• Mostafa Heddaya

    This is inaccurate: “There she will park her money, and her art.”

    Sheikha Al-Mayassa heads the Qatar Museums Authority, not the Foreign Ministry, which is the transacting entity here. The foreign minister is Khalid bin Mohammad Al Attiyah, and the building will house a consulate, which has nearly nothing to do with the QMA or Al-Mayassa: as was reported in WSJ two days ago (for some reason not linked to here), the Qatari consul general has been working out of the Ritz-Carlton since last summer. I appreciate the attempt at connecting art spending with diplomacy, but being precise about actors is key to making the broader critique intelligible.

    WSJ 1/29/14: http://online.wsj.com/news/articles/SB10001424052702303973704579350641075915588

    • WhitneyKimball

      From the New York Post:

      “That’s because [the townhouse] is in turn-key, move in condition — and already set up to display and store art.
      “Qatar plans to use the consulate as a place to showcase their own artists,” the source said.”
      http://nypost.com/2014/01/29/qatars-ues-townhouse-buy-could-be-nycs-priciest/

      If “their own artists” refer to the artists of Qatar, then I think it’s reasonable to link Sheikha Al-Mayassa as a relevant party in this story. She does buy art on behalf of Qatar, she’s often described as a cultural ambassador, and she is the Sheikha of Qatar. We never reported that she’d be purchasing the property herself, but I understand that it could have been misconstrued. And I’ll link up the WSJ piece, that was an oversight on my part.

      • Mostafa Heddaya

        You should probably link that too then, since what is omnisciently asserted has turned out to be from an anonymous source in the New York Post.

        My point is that embassies and consulates very frequently contain art (e.g. the French Embassy cultural services building on 5th). Qatar’s presence in the global art market, as managed by Al-Mayassa, is disproportionately large and has diplomatic ramifications. The narrative in this piece does not delineate between these two things.

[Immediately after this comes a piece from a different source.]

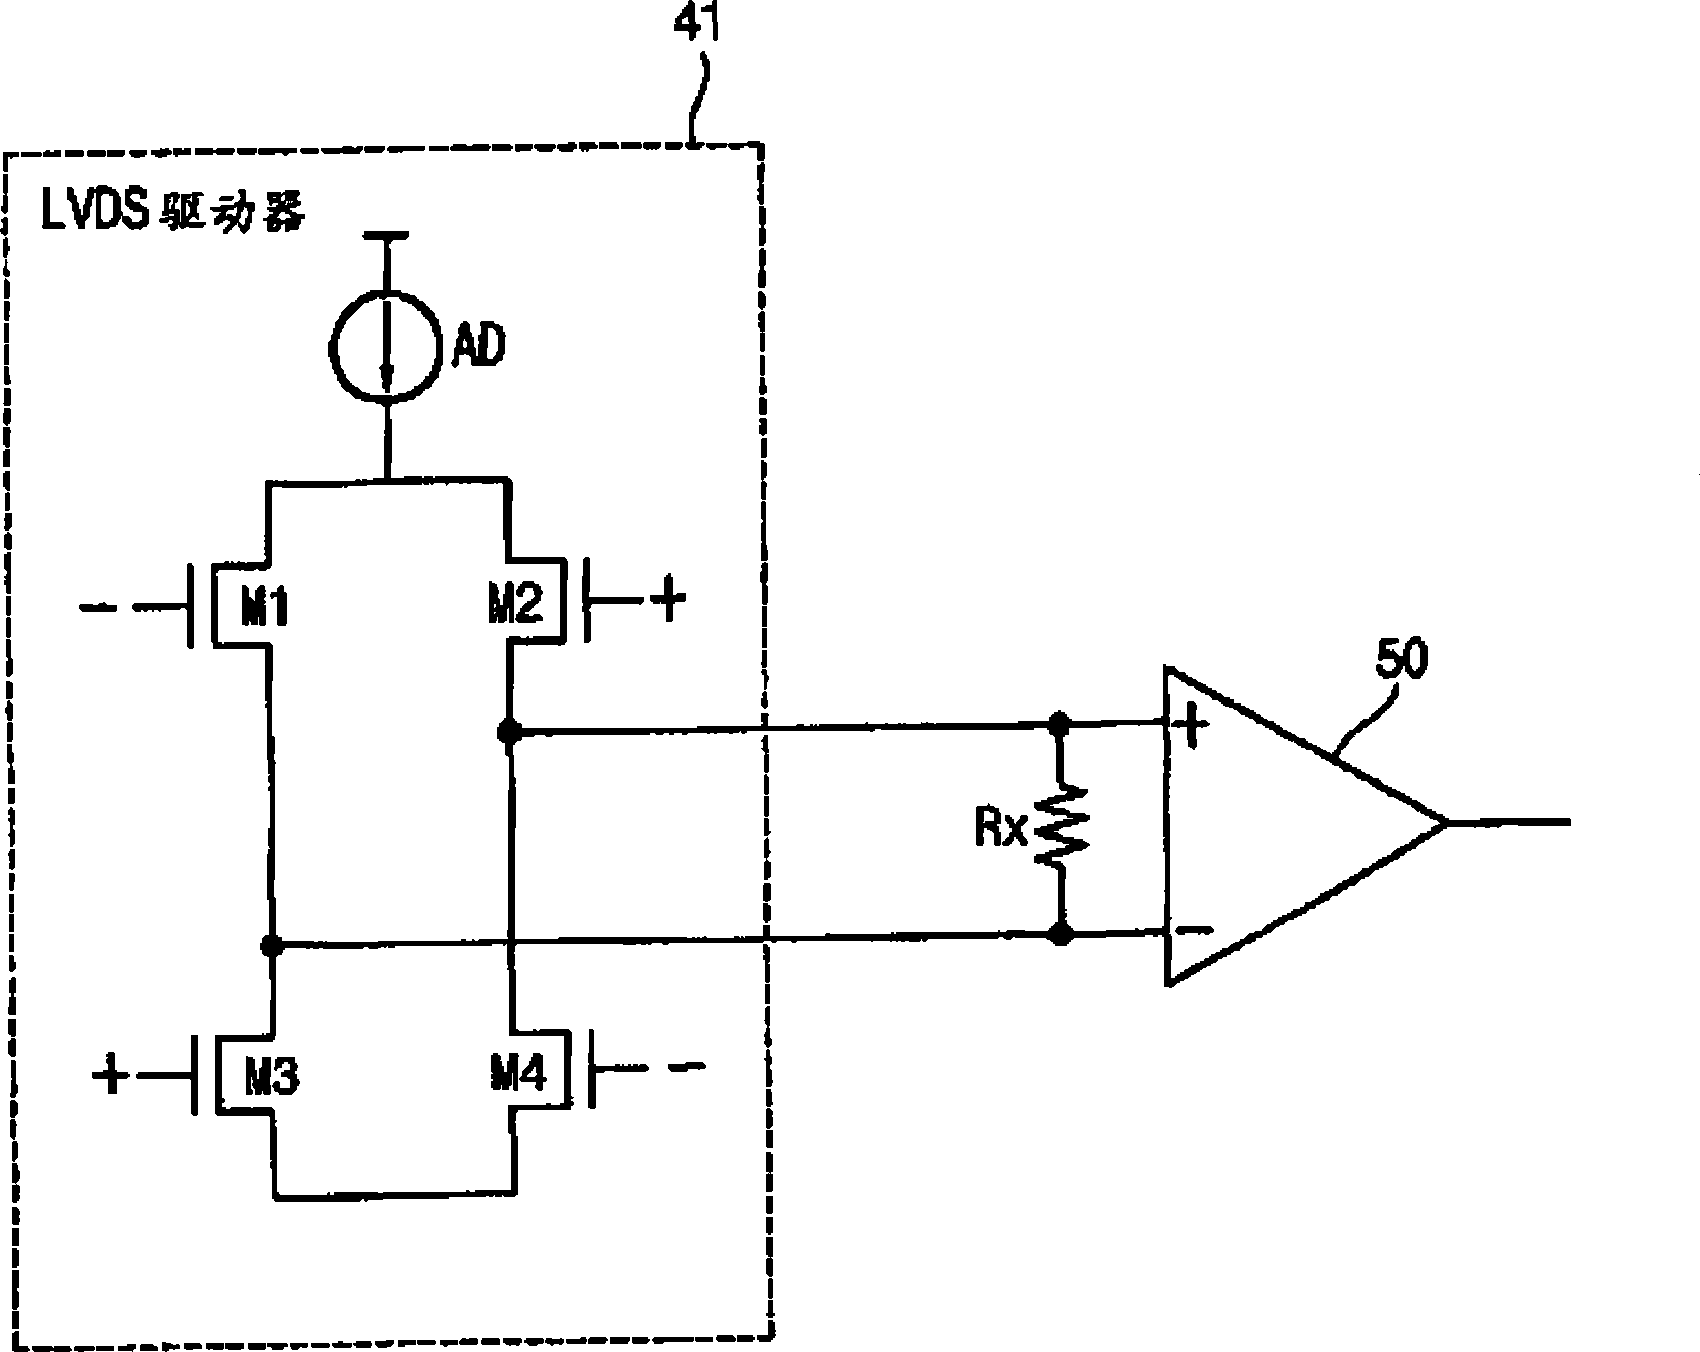 Pre-loading device and low voltage differential signal transmitter

        Also, Sheikha Mozah is “the” Sheikha of Qatar, not Al-Mayassa. (http://en.wikipedia.org/wiki/Mozah_bint_Nasser_Al_Missned)

        • WhitneyKimball

          If anybody’s reading, Mostafa and I discussed this in more detail over email. He elaborated on a few distinctions which I’ll be keeping in mind and think are worth posting here for the record.

          “…the broader critique I was referring to is just the general body of writing about Gulf art as an instrument of diplomacy and statecraft. And I do think there’s something of a political subtext to much of the New York Post’s reporting on Arab affairs (and in general, for that matter), so if their coverage is being used to link a pretty mundane real estate transaction to a more complex argument about art and diplomacy, I feel like that’s something that should be presented upfront too.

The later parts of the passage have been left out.